To select gap-phrases from each selected sentence, we collected human annotations, using the Amazon MTurk, on the relative relevance of candidate gaps. This data is used to train a discriminative classifier to predict the educational relevance of gaps, achieving an accuracy of 81.0%.


I propose a novel method to choose distractors that are semantically and syntactically similar to the gap-phrase and have contextual fit to the gap-fill question. By crowd-sourcing the evaluation of my method through the Amazon MTurk, I found that 76% of the distractors selected were good.

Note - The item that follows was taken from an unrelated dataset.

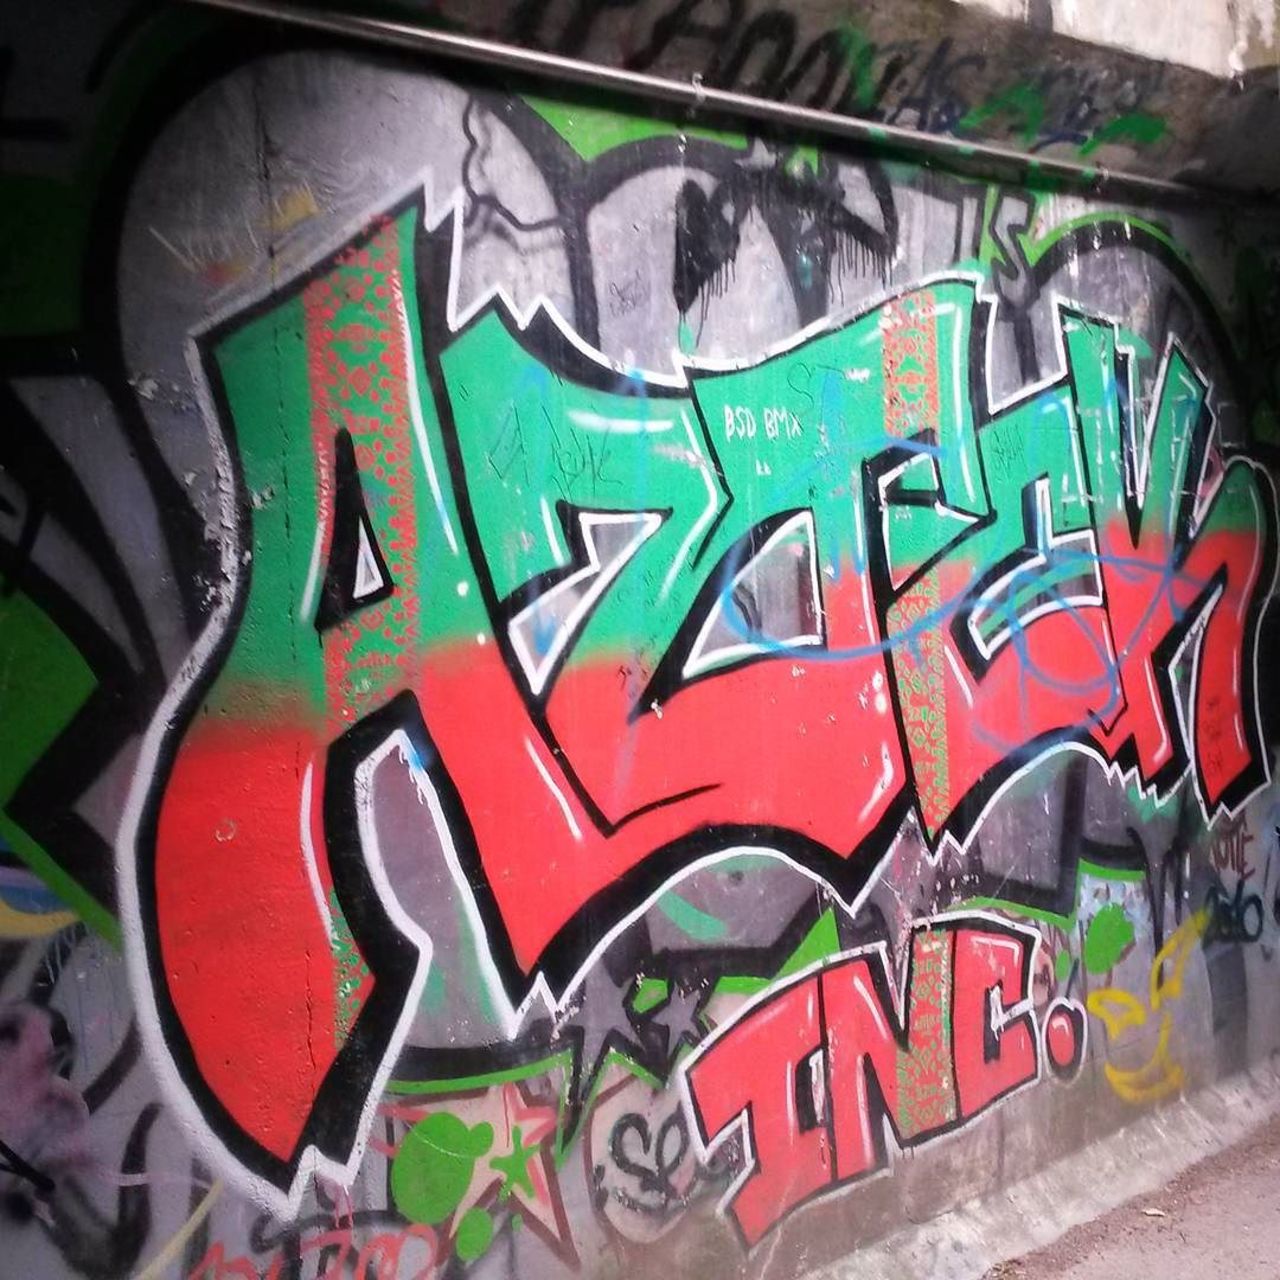 #Paris #graffiti photo by @le_cyclopede http://ift.tt/1RmrFUy #StreetArt https://t.co/vfTTEg6kxr

Hello! I'm Girish Kumar from Singapore.

It all started when the 6-year-old me was disappointed that computers were not as smart as sci-fi movies made it to be. This piqued my interest on building smart machines and programs. I joined my school's robotics team when I was 8, working with Lego Mindstorms and VEX kits. Participating and winning prizes every year at the National Junior Robotics Competition kept me motivated.

I soon started taking online courses on Machine Leaning and AI taught by Stanford Professors Andrew Ng and Sebastian Thrun. My forays into ML research followed. I worked on projects ranging from gesture recognition mobile apps to automatic indoor mapping programs, working at institutions including the MIT Media Lab and Singapore's A-STAR. My work has been accepted to international peer-reviewed conferences including NAACL and IJCNN. Recently, I won Singapore's national science talent search.

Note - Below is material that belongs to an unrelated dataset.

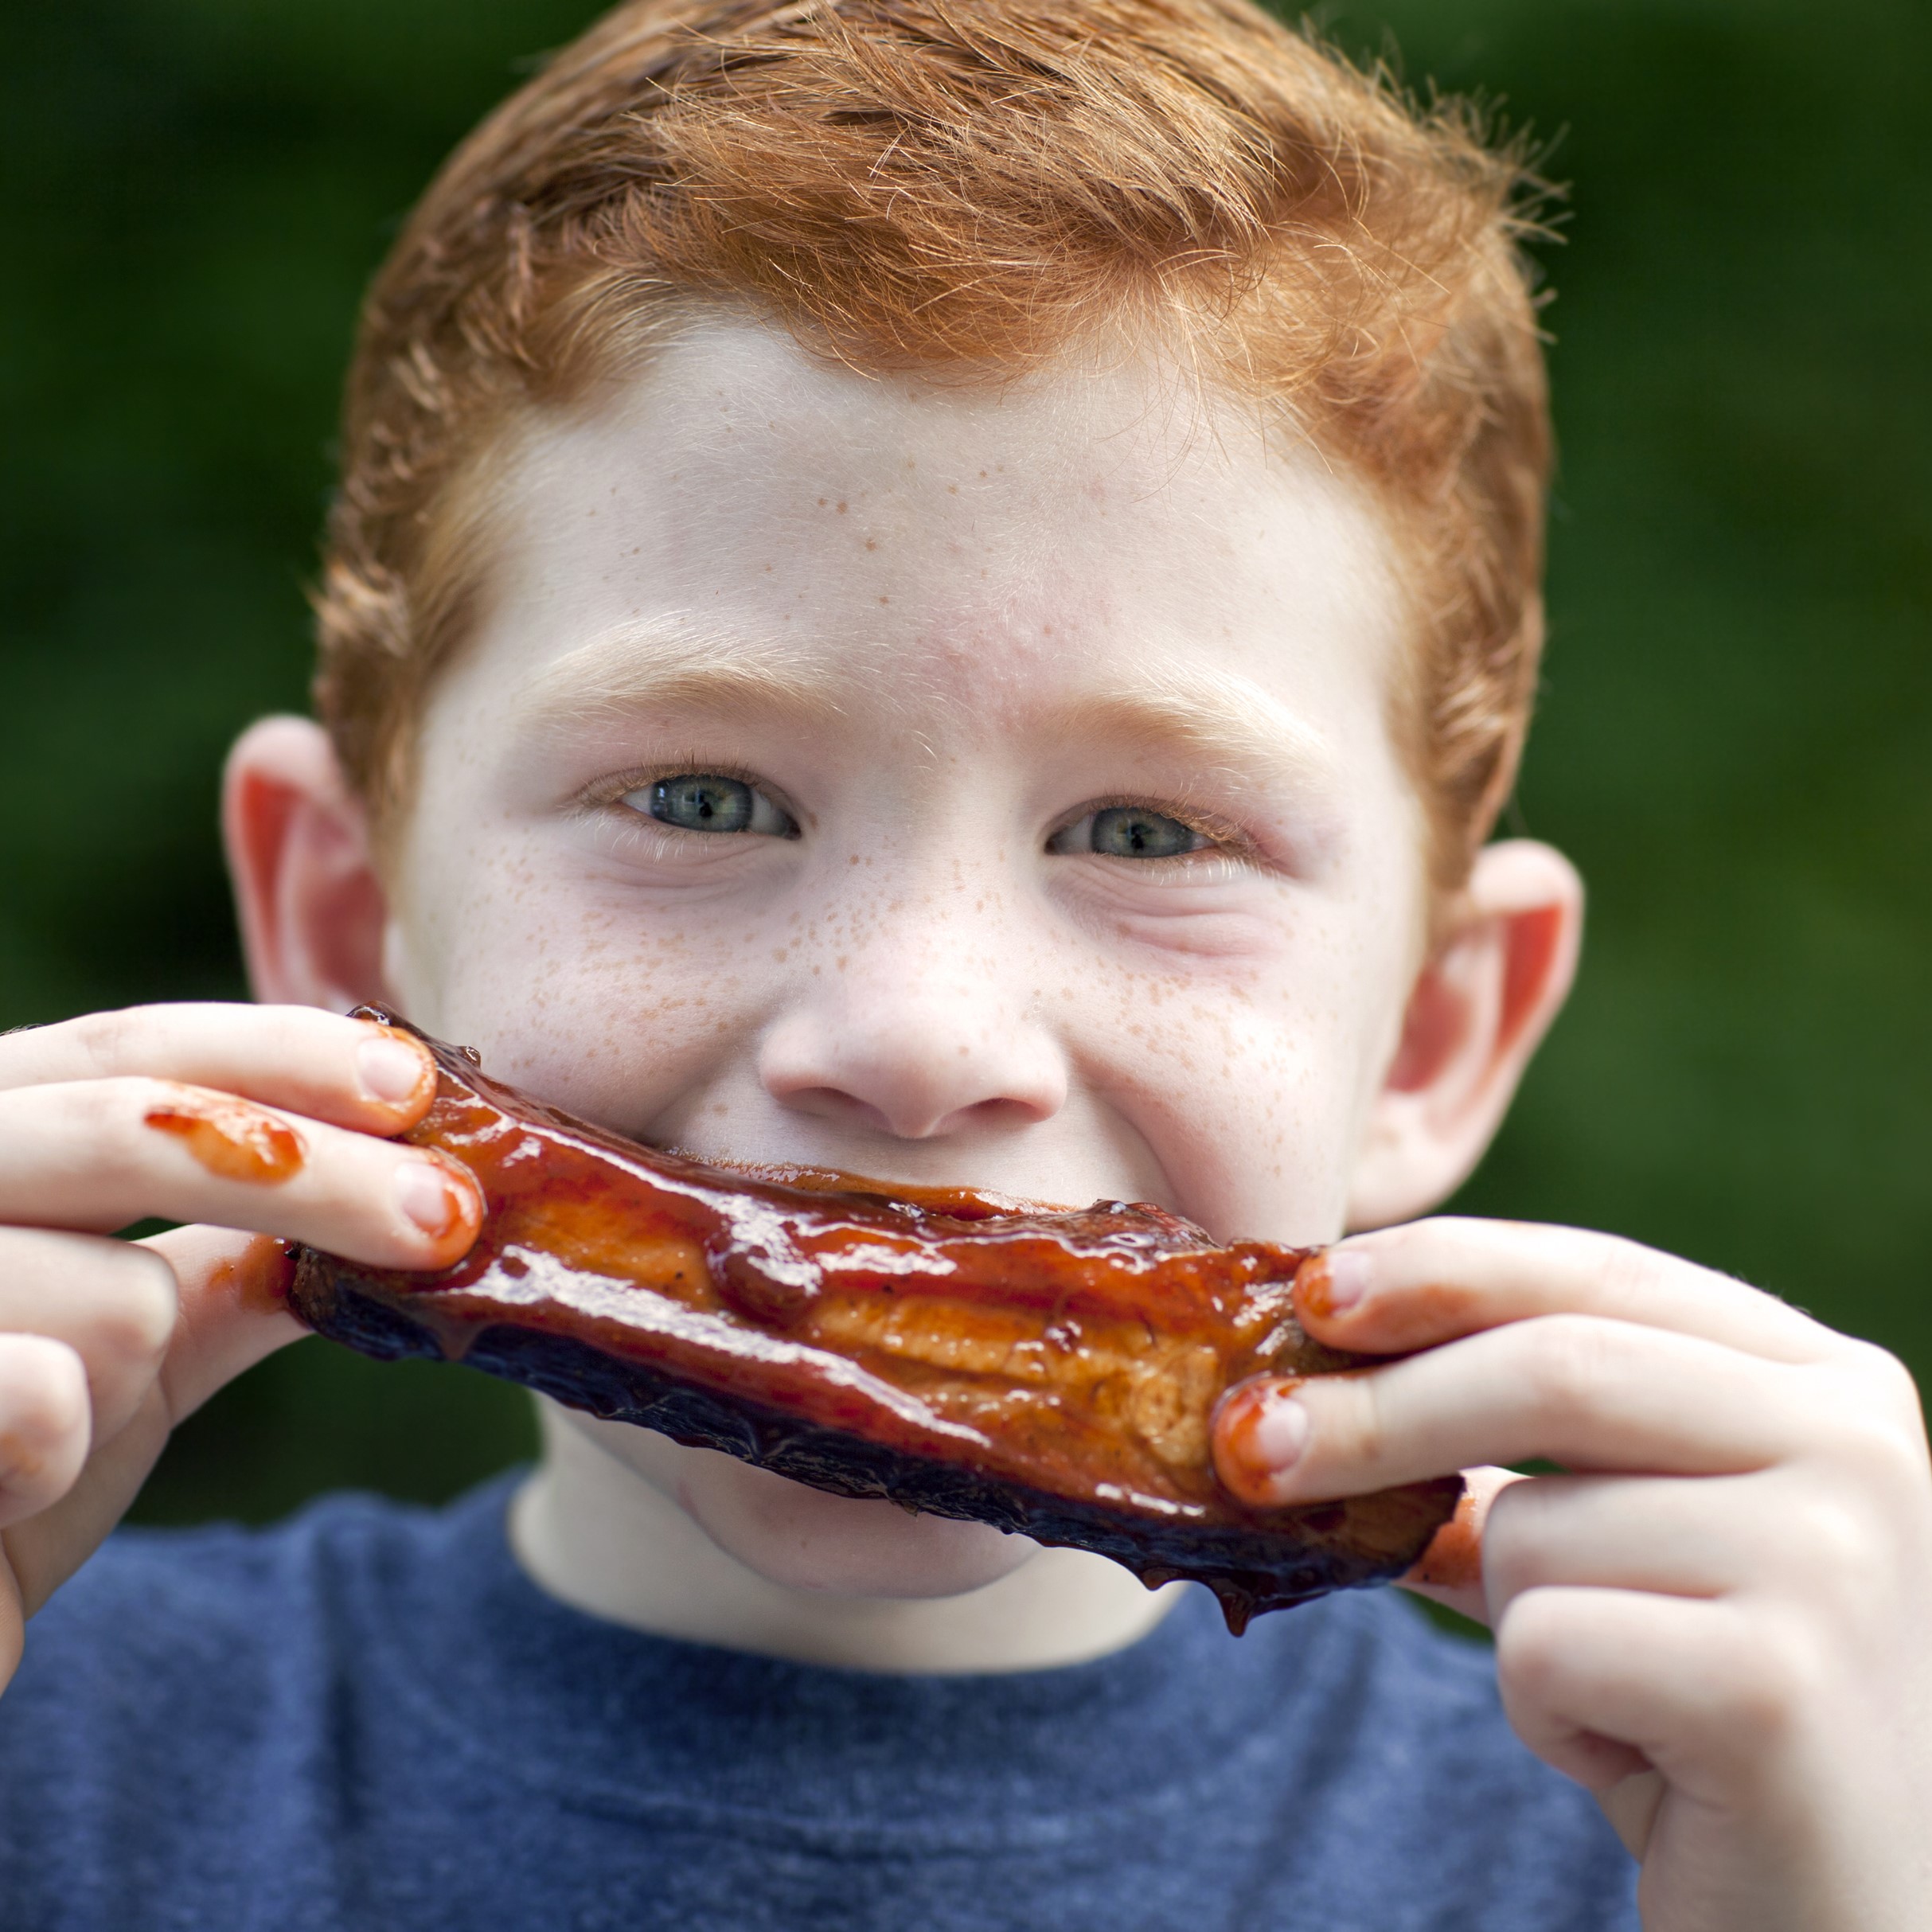 Young boy enjoying barbeque food

Founders of technology and research driven startups inspire me greatly, e.g. Elon Musk and Larry Page. I would like to emulate these individuals by leveraging technology to empower mankind. I have been accepted into Kairos Society which believes in high tech, high impact ventures. 

Winning the GSF would make the long nights I have spent converting caffeine to code worth it. Furthermore, it's a core desire of mine to deploy my GSF project for use by students & teachers all over the world. I believe winning GSF would provide me with the publicity, resources and motivation to do so. 



I, like many students, actively consume online texts to supplement material taught and provided by my teachers. However, online texts are typically not accompanied by the instructional material in standard classroom notes & textbooks. Such instructional material (e.g. review questions, practice assessments) are crucial in helping me reinforce the relevant concepts. Furthermore, as my teachers have lamented to me, the manual crafting of varied questions for every relevant online text would be extremely time consuming. Automatic Question Generation (AQG) shows incredible promise here. However, work in AQG has mostly been on transforming sentences into grammatically and syntactically correct Why,What,Who,Where,What,How questions with little attention to the semantics and educational importance of the questions. 


Given this, is it possible to automatically generate semantically and educationally relevant questions for teachers and students? 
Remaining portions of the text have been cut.